Warm the olive oil in a sauté pan over medium heat and start sautéing the shallot and garlic.

Slice the carrots and microwave with a little water for about 4 minutes until soft. Add to the sauté pan. Peel and chop the sweet potato. Microwave with a little water for about 4 minutes until soft and add to the pan. Slice the fennel and microwave with a little water for about 4 minutes, the add to the pan. Add the white wine, Provençal herbs, black pepper, and the spinach. Reduce the heat and cover. The spinach will be wilted while you cook the mussels. When the spinach is wilted reduce the heat to very low just to keep the vegetable warm under lid.

For the mussels:
About 1- 1,4 kg mussels (they often come in 1,4 kg packages prewashed)
1 shallot, chopped
1 clove garlic, minced
1 tbsp. olive oil
75 ml white wine
Freshly ground black pepper
Chopped parsley

In a large heavy casserole, warm the olive oil over medium heat and sauté the shallot and garlic for about 5 minutes.
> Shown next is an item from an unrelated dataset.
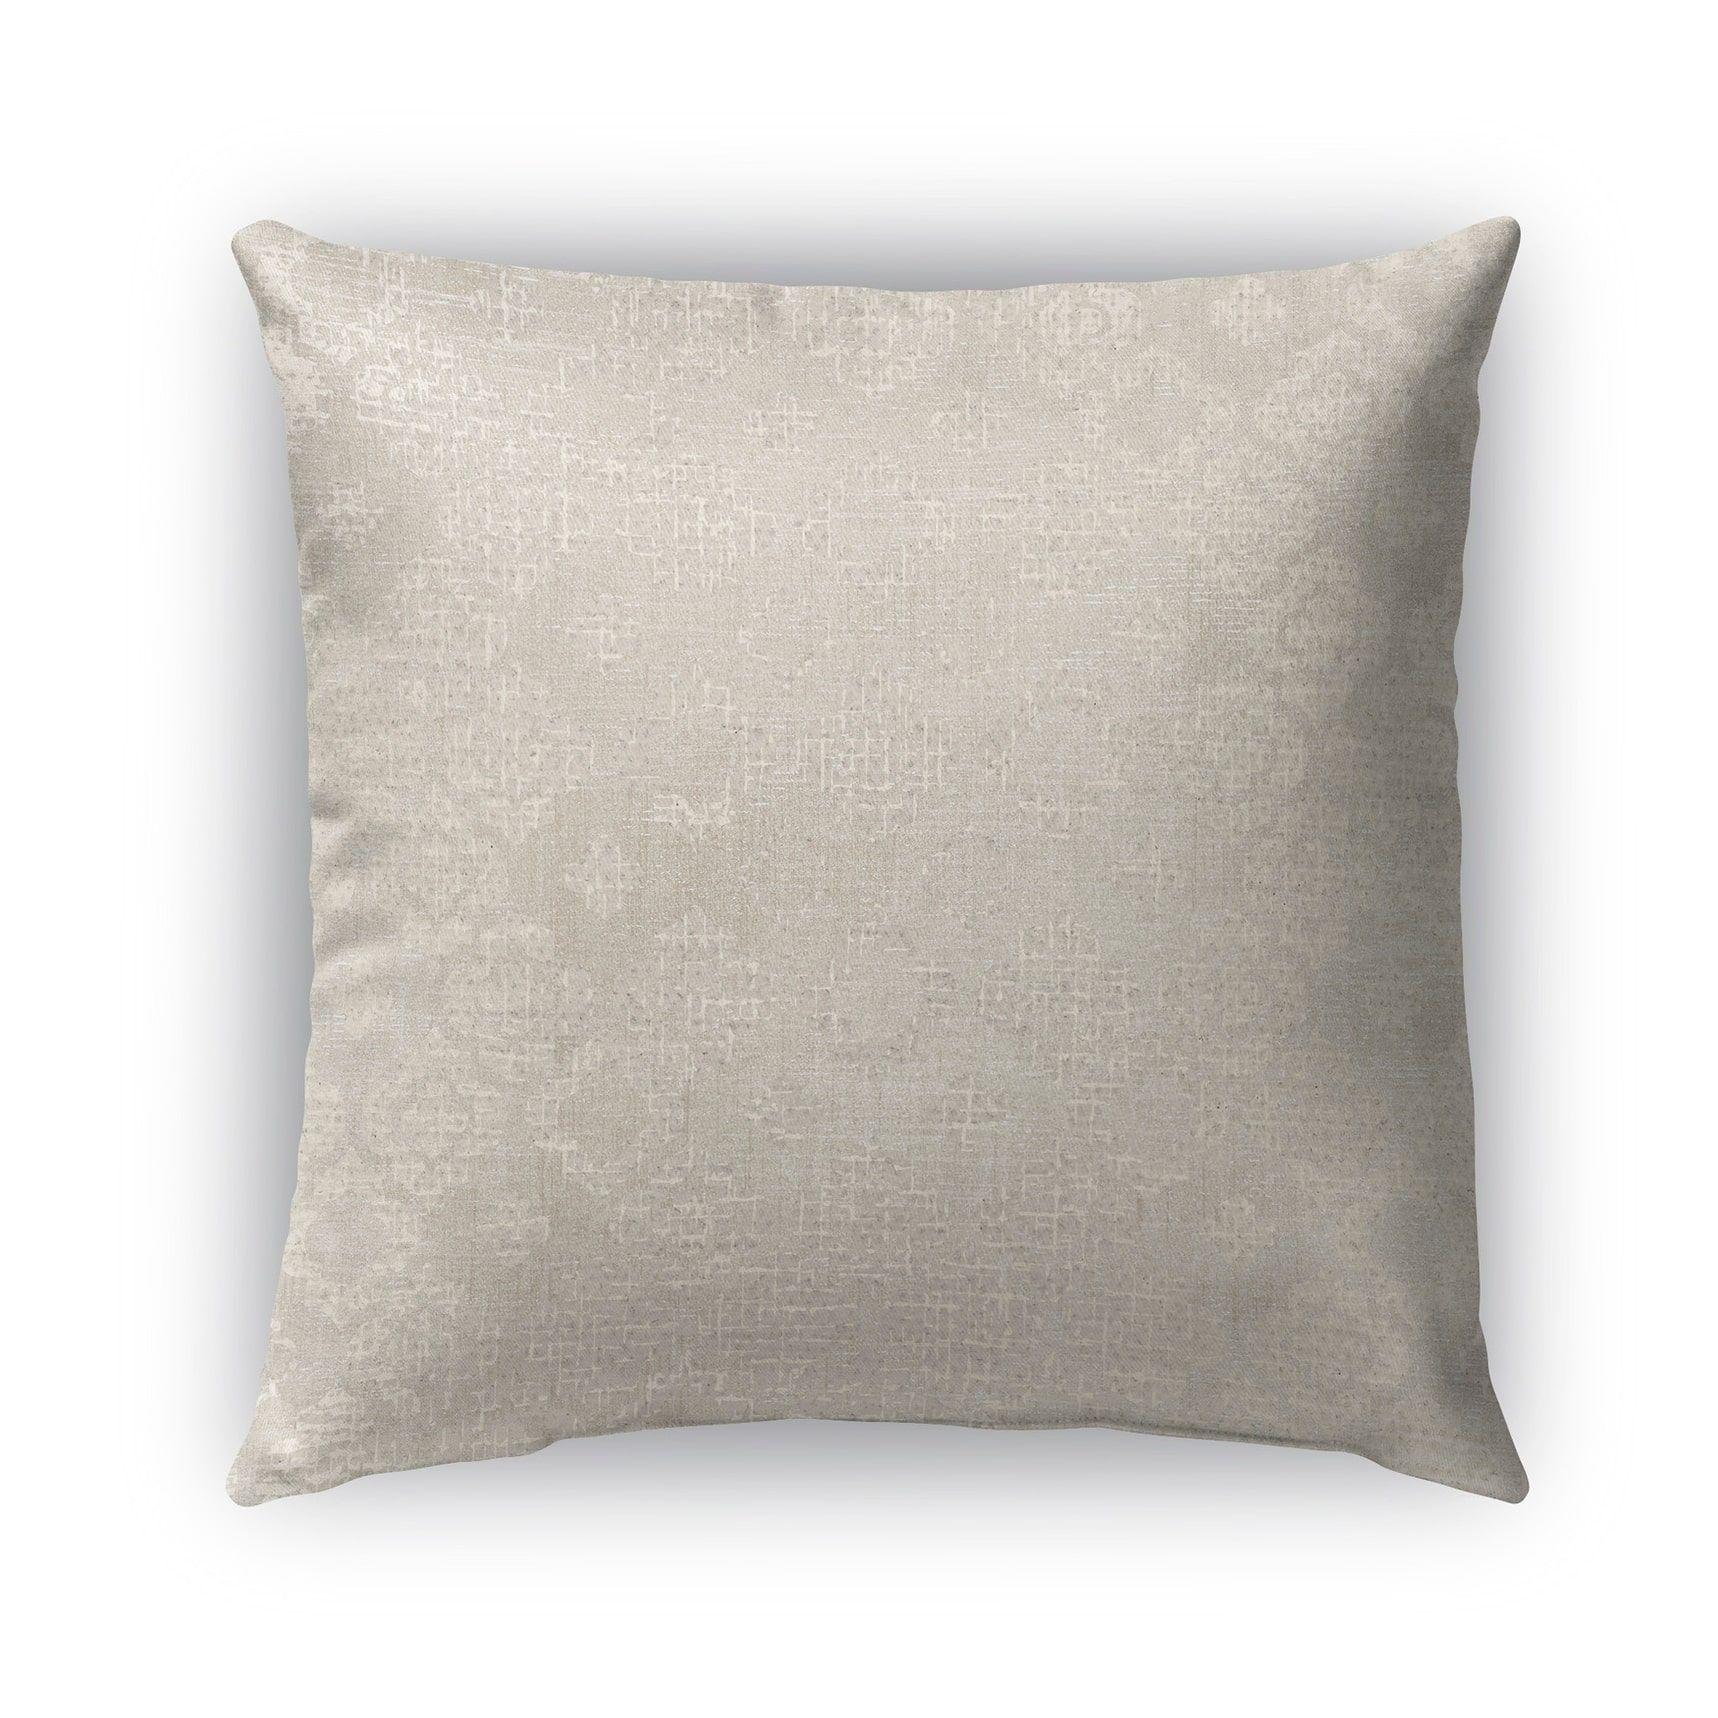 26X26 Pillow Insert Beauteous Kavka Designs Ivory Grey Versilia Outdoor Pillow With Insert 26 X Decorating Design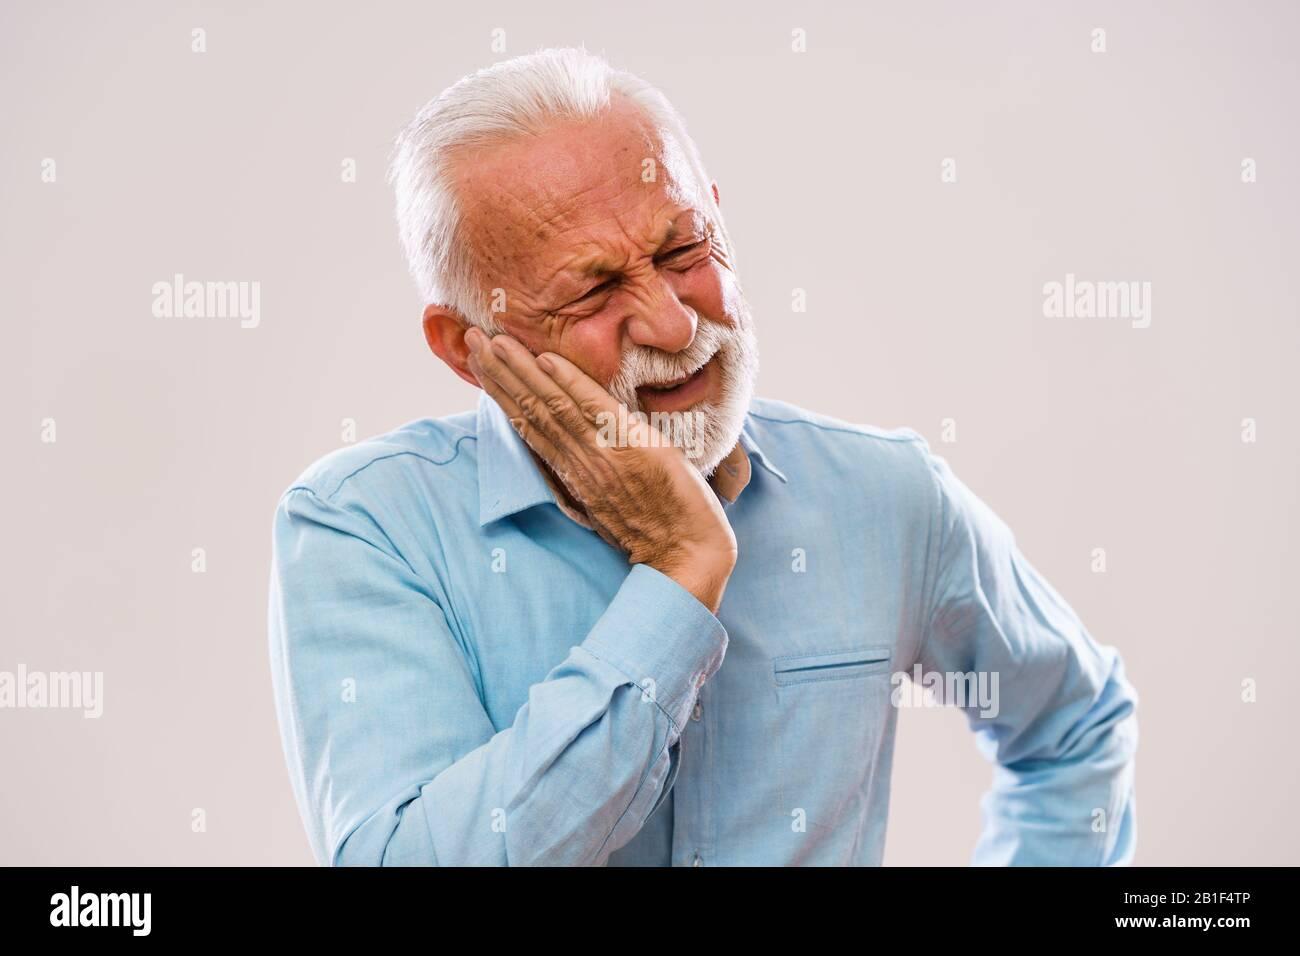 Portrait of senior man who is having toothache. Stock Photo

Pour the mussels in a large bowl with water and check that they are all closed and that the shells are not damaged. Add the white wine and black pepper to the casserole and turn the heat higher. Add the mussels and cover. The mussels take about 4 minutes to be cooked after steam has started to form in the casserole. Stir the mussels a couple of times. Cook until all the shells have opened, the add the parsley.

Divide the vegetable sauté on large, deep plates. Add about half of the mussels on top. Keep the rest of the mussels in the casserole under lid and divide for the second helping.